The life and times of Veronica Franco were portrayed in the 1998 movie, "Dangerous Beauty."

In 1565, when she was about 20 years old, Veronica Franco was listed in Il Catalogo di tutte le principale et piu honorate cortigiane di Venezia, which gave the names, addresses, and fees of Venice's most prominent prostitutes; her mother was listed as the person to whom the fee should be paid. From extant records, we know that by the time she was 18, Franco had been briefly married and had given birth to her first child; she would eventually have six children, three of whom died in infancy.
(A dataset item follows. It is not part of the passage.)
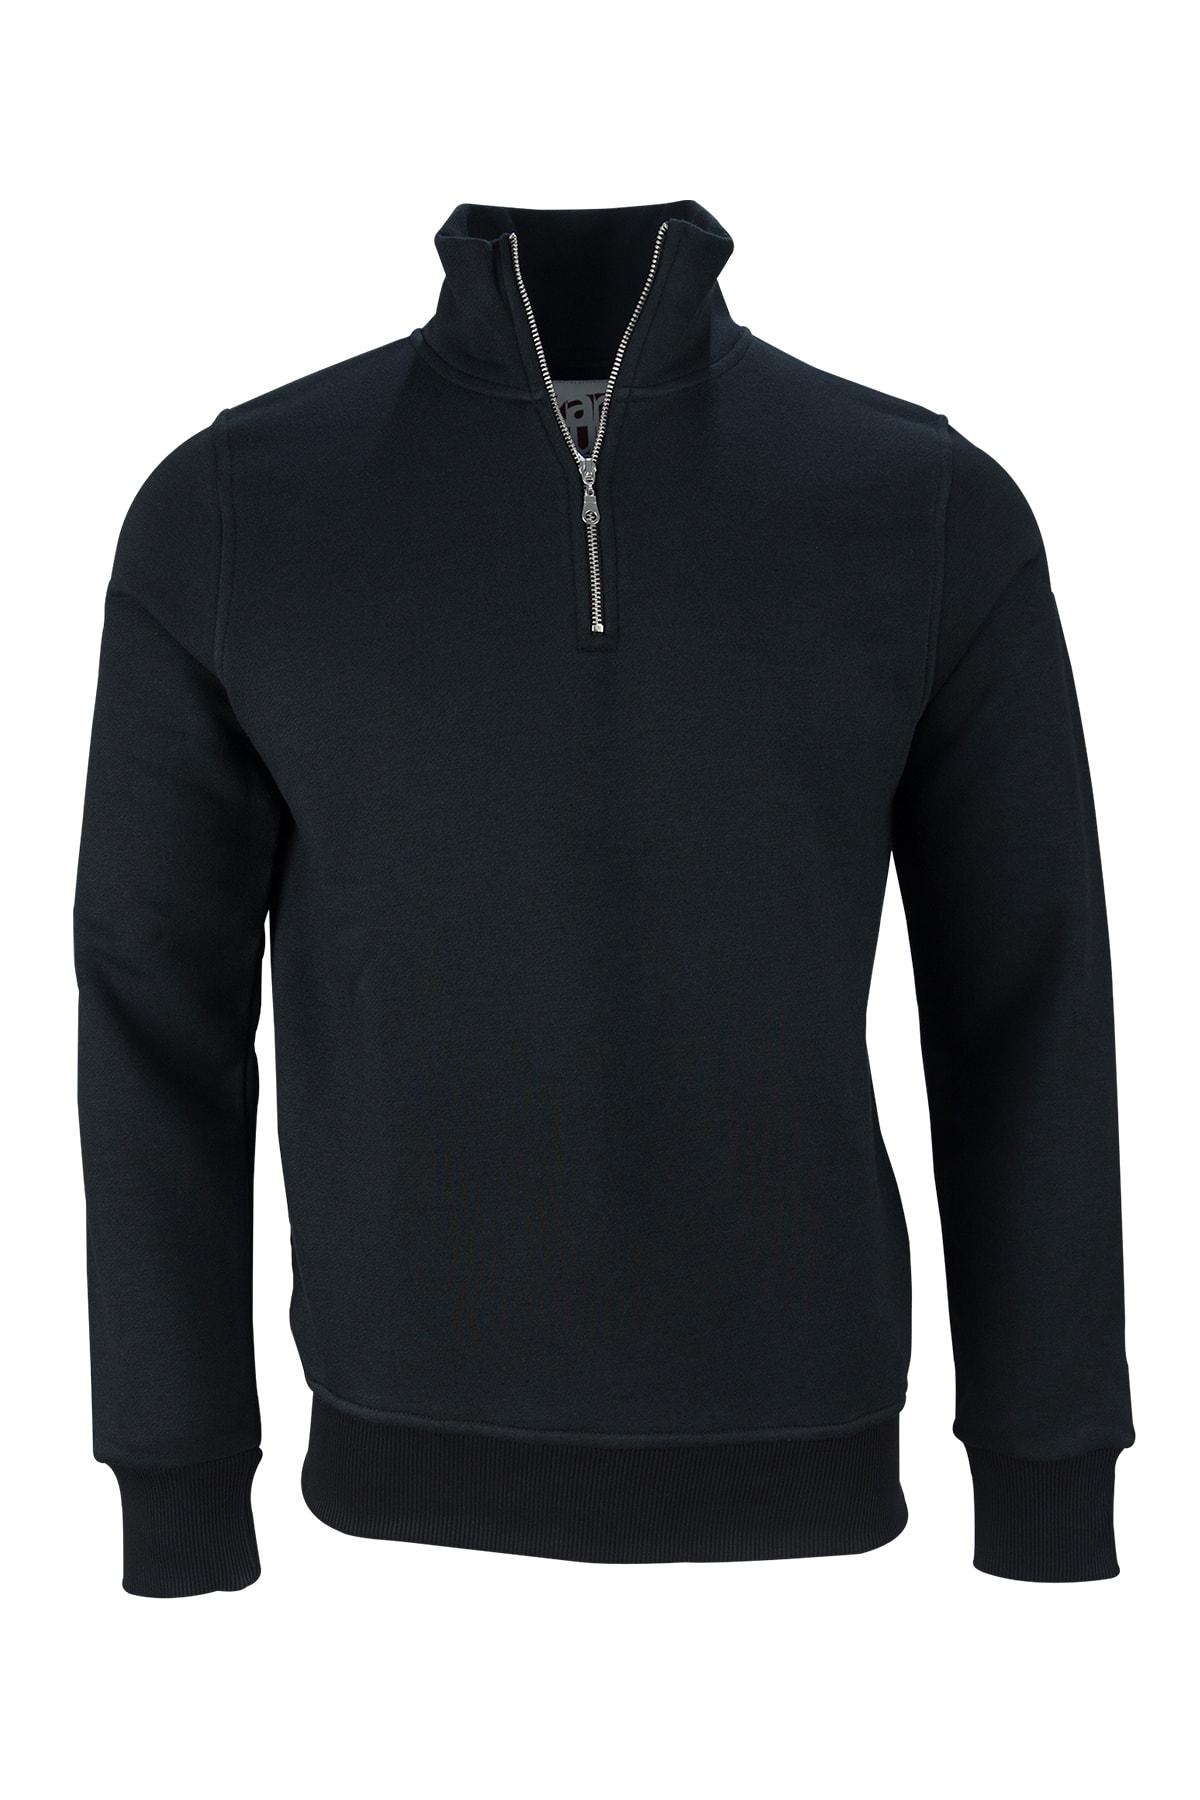 Fimerang Diagonal Yarım Fermuarlı Sweatshirt 2

As one of the piu honorate cortigiane in a wealthy and cosmopolitan city, Franco lived well for much of her working life, but without the automatic protection accorded to "respectable" women. She had to make her own way. She studied and she sought patrons among the learned. By the 1570s, she was part of one of the more prestigious literary circles of the city, participating in discussions and contributing to and editing anthologies of poetry.

In 1575 Franco's own volume was published, Terze rime, containing 18 capitoli (verse epistles) by her and 7 by men writing in her praise. That same year saw the start of plague in Venice, which lasted two years, causing Franco to leave the city for a while and to lose many of her possessions. In 1577 she unsuccessfully proposed to the city council that it establish a home for poor women, of which she would become administrator. By then she was raising not only her own children but also nephews who had been orphaned by the plague.

In 1580, Franco published her Lettere familiari a diversi, "letters written in my youth," which included 50 letters, as well as two sonnets addressed to King Henri III of France, who had visited her six years before. We have little information for the period after 1580. Records suggest that she was less prosperous in her later years but not living in poverty; however, no more writing of hers appeared.